EXERCISE INSTRUCTIONS ->
Starting at the line that holds "Der berühmte galata-Turm" and stopping at the line that holds "Квартира № 299, 1-комнатная, 47.64", restate the records below word for word, with both of those lines included.

Items listed in a dataset ->
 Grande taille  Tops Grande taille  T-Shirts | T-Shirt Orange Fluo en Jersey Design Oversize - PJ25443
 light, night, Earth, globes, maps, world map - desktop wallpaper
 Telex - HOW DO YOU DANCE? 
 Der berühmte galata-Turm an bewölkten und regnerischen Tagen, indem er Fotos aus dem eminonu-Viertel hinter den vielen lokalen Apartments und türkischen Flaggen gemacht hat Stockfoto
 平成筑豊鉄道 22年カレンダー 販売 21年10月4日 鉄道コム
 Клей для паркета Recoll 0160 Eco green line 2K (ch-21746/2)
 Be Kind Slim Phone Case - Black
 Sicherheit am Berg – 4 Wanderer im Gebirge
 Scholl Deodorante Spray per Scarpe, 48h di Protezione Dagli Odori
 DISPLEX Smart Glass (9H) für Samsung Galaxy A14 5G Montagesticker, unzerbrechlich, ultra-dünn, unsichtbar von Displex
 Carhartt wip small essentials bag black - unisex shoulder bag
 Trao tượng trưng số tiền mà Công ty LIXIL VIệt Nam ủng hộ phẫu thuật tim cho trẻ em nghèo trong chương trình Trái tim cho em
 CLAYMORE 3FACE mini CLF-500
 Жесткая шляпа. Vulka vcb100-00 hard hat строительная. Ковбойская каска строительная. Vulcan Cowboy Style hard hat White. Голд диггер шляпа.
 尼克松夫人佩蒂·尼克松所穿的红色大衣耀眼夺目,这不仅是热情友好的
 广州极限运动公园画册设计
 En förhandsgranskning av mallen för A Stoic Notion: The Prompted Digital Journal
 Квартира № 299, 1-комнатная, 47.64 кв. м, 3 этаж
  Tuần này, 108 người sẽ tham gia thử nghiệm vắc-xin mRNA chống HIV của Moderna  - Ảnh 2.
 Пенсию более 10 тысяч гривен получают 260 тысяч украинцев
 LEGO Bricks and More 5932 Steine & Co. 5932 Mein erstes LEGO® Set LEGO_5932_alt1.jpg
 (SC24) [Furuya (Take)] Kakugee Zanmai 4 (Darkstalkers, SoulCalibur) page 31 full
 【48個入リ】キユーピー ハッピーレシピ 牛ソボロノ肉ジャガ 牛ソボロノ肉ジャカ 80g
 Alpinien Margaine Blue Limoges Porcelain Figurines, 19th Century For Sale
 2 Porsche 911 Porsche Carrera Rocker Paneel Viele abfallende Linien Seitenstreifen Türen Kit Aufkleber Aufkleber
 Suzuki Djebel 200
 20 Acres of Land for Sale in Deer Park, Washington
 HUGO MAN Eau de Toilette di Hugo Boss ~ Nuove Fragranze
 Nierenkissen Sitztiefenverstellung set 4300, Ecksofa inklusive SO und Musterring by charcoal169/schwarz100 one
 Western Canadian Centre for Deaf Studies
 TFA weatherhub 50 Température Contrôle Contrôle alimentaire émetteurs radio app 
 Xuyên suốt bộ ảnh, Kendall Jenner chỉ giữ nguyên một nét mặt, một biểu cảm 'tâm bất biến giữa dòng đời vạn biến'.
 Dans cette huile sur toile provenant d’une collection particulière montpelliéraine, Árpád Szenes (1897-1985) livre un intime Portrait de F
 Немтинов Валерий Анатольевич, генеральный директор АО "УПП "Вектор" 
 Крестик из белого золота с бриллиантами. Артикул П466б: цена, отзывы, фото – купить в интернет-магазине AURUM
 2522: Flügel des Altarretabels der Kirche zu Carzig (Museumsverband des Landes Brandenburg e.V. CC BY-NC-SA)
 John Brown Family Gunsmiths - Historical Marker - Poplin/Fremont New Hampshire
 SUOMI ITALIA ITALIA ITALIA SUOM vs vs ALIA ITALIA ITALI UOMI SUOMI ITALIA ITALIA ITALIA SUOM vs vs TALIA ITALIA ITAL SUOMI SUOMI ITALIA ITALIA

EXERCISE RESPONSE ->
 Der berühmte galata-Turm an bewölkten und regnerischen Tagen, indem er Fotos aus dem eminonu-Viertel hinter den vielen lokalen Apartments und türkischen Flaggen gemacht hat Stockfoto
 平成筑豊鉄道 22年カレンダー 販売 21年10月4日 鉄道コム
 Клей для паркета Recoll 0160 Eco green line 2K (ch-21746/2)
 Be Kind Slim Phone Case - Black
 Sicherheit am Berg – 4 Wanderer im Gebirge
 Scholl Deodorante Spray per Scarpe, 48h di Protezione Dagli Odori
 DISPLEX Smart Glass (9H) für Samsung Galaxy A14 5G Montagesticker, unzerbrechlich, ultra-dünn, unsichtbar von Displex
 Carhartt wip small essentials bag black - unisex shoulder bag
 Trao tượng trưng số tiền mà Công ty LIXIL VIệt Nam ủng hộ phẫu thuật tim cho trẻ em nghèo trong chương trình Trái tim cho em
 CLAYMORE 3FACE mini CLF-500
 Жесткая шляпа. Vulka vcb100-00 hard hat строительная. Ковбойская каска строительная. Vulcan Cowboy Style hard hat White. Голд диггер шляпа.
 尼克松夫人佩蒂·尼克松所穿的红色大衣耀眼夺目,这不仅是热情友好的
 广州极限运动公园画册设计
 En förhandsgranskning av mallen för A Stoic Notion: The Prompted Digital Journal
 Квартира № 299, 1-комнатная, 47.64 кв. м, 3 этаж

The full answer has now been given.